Da es mir als Seelsorger in der Psychiatrie nicht anders möglich ist, als mit dem Werkzeugkoffer der psychologischen Psychotherapie unterwegs zu sein, betreibe ich stets zwei Dinge in einem. Ich treibe Seelsorge mit Hilfe der mir zur Verfügung stehenden Werkzeuge. Und Seelsorger bin ich in der Psychiatrie nur deshalb, weil ich dafür einen von der Kirche ausgesprochenen und somit pastoralen Auftrag habe. Anders besäße ich keinen Schlüssel für keine Station.
Die aus der systemischen Therapie stammende und von mir abgewandelte Wunderfrage: „Wenn in unserem Kreis auf diesem leerstehenden Stuhl eine Fee sitzen würde, die die Fähigkeit besitzt, auf eine mich beschäftigende aber bisher nicht beantwortbare Frage, eine Antwort zu geben, welche Frage würde ich dieser Fee jetzt stellen wollen?“ - Diese Frage, in einer Gesprächsgruppe von Patient*innen in der Psychiatrie von mir als Pfarrer gestellt, generiert Fragen, Anliegen und Problemstellungen, die nicht unabhängig von mir als pastoralen Person sind. Anders gesagt: Die gleiche Frage von der Oberärztin gestellt, würde den Patient*innen gänzlich andere Fragen entlocken.
Theologie und Psychologie fallen, wie unter 1. und 2. Von mir beschrieben, in der Seelsorge in ein zwar voneinander unterscheidbares doch gleichzeitig untrennbares Eins. Seelsorge besitzt deshalb keine Schnittmenge zwischen zwei voneinander unterschiedenen Wissenschaften, der Theologie und der Psychologie. Vielmehr heben sich beide Disziplinen in der Seelsorge in ein Neues auf. Und darin besteht für mich als systemisch orientierter Seelsorger mein sektionsspezifischer Ansatz in der Seelsorge schlechthin und in der Psychiatrie im Besonderen.
Pastoralpsychologische Seelsorge verstehe ich als Begegnung in frei schwebender Aufmerksamkeit. Ausgangspunkt ist das Hier-und-Jetzt der Situation, deren Resonanz in Worte gefasst werden soll. Ziel ist die Akzeptanz der Realität, um sie gestalten und verändern oder auch nur in einem veränderten Blickwinkel wahrnehmen zu können. Grob umrissen geschieht das in drei Schritten: 1. „Es ist so:...“ (erzählen, was erlebt wurde), 2. „Ist es so?“ (gemeinsame Realitätsprüfung) und 3. „So ist es.“ (gemeinsames Anerkennen der Realität).

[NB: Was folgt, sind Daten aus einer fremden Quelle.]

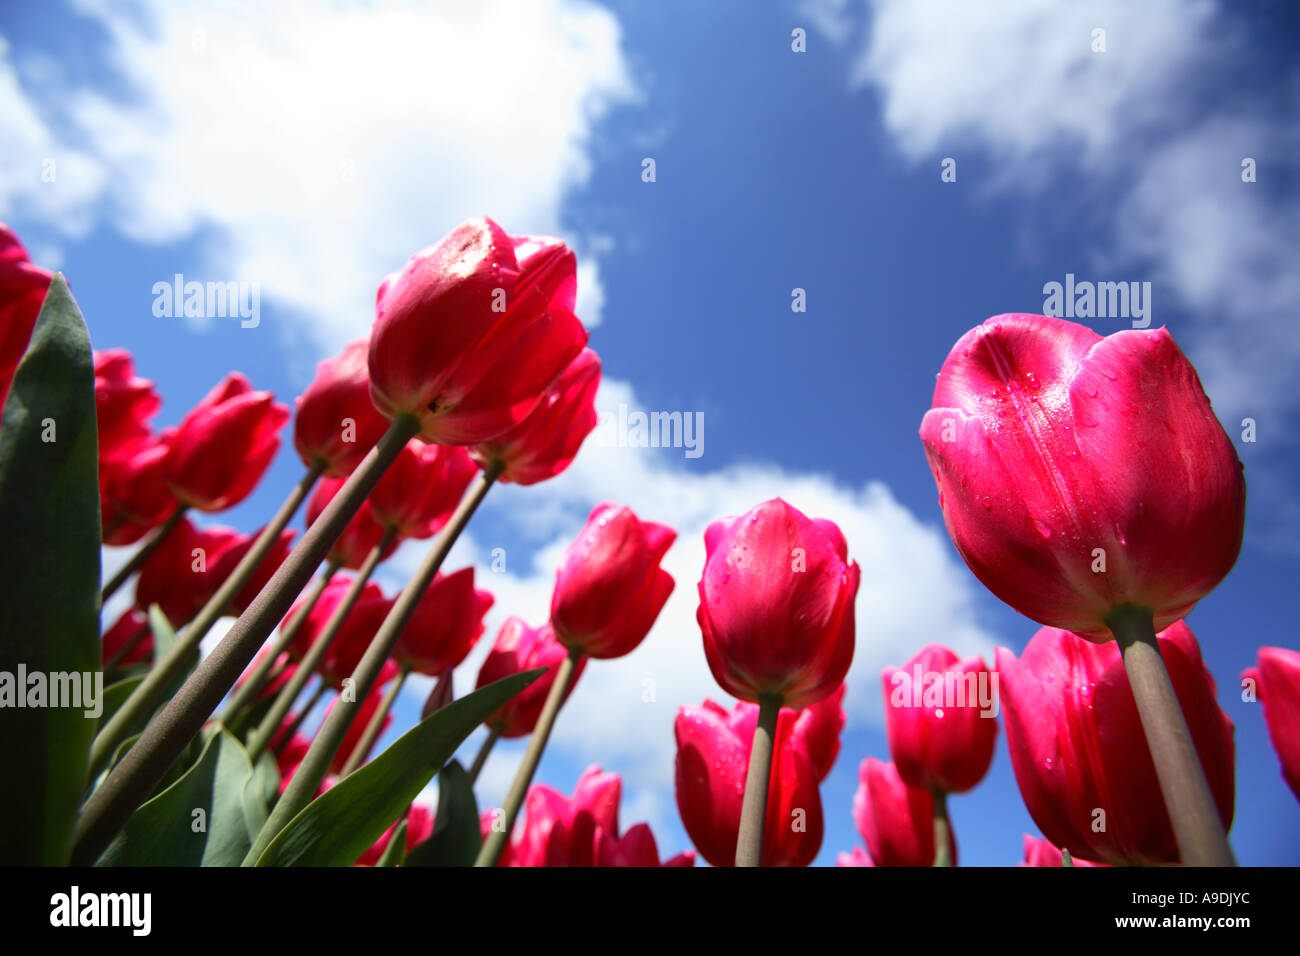 Basso angolo vista di rosa luminoso tulipani contro un cielo blu con nuvole. Foto Stock

Der Gottesbezug des Seelsorgers, der bei vielen Klientenkontakten zumindest implizit im Raum steht, bedeutet für mich eine Triangulierung der Beziehung durch eine transzendierende „Instanz“, zu der sowohl Seelsorger wie auch Klient unmittelbar sind. „Sub specie Dei“ ist so allen Statusunterschieden zum Trotz auch eine Beziehung auf Augenhöhe möglich.
Seelsorge im „totalen System“ des Eingeschlossen-Seins in Gefängniszellen braucht den „Asyl-Raum“ als Ort der Begegnung. Deshalb habe ich in meinem Büro viele Bilder an der Wand, die als Gesprächsimpulse dienen können und eine Wohnraummöblierung, die sich deutlich von den Amtszimmern der JVA abhebt. Damit soll die „Exterritorialität“ der Seelsorge gegenüber dem Vollzugssystem unmittelbar deutlich werden.
Innerhalb dieses Rahmens kann Seelsorge dann neben der solidarisch anteilnehmenden Seite auch konfrontative Anteile entfalten, die ich oft als beziehungsklärend und -vertiefend erlebe. Dabei spielt natürlich auch die Diskretion des Beichtgeheimnisses eine grundlegende Rolle.
Theologisch zentraler Bezugspunkt ist für meine Arbeit die Rechtfertigungslehre, die sich konkret in einer Haltung der Akzeptanz darstellt. Das konvergiert mit dem tiefenpsychologischen Modus der gleichschwebenden Aufmerksamkeit, wie ihn Sigmund Freud für die analytische Situation vorsah. Innerhalb der JVA als einem Universum von Versionen der Wirklichkeit arbeite ich mit der mir vom Gegenüber präsentierten Perspektive, also mit einem beziehungsimmanenten Rahmen – in der Regel ohne externes Aktenstudium.
Der zweite grundlegende Aspekt der Rechtfertigung, die Unterscheidung der Person (die anerkannt wird) von ihrem Werk (das dem Urteil unterliegt), ermöglicht mir angesichts der oft an meinem Tisch versammelten Taten allererst die Arbeit mit den Tätern.
Als Pfarrer*in in der Militärseelsorge begleite ich Soldat*innen und zivile Mitarbeiter*innen mit ihren Familien besonders auch in den Herausforderungen ihres Lebens, das gilt sowohl während des Dienstes in Deutschland als auch im Auslandseinsatz. Die Kenntnisse, die ich in der pastoralpsychologischen Seelsorgeausbildungen erwerben durfte, helfen mir, in Zusammenarbeit mit anderen Mitgliedern des psychosozialen Netzwerks (z.B. Psychologie, Sanität, Sozialdienst), die Menschen, die Unterstützung brauchen, adäquat zu begleiten. Besonders wichtig ist dabei, dass ich in verschiedenen Kontexten meine Rolle und meine Aufgaben, auch in gerade in Abgrenzung und in Ergänzung zu anderen Gebieten der psychosozialen Begleitung gut für mich klären konnte, so dass eine konstruktive Zusammenarbeit entstehen kann.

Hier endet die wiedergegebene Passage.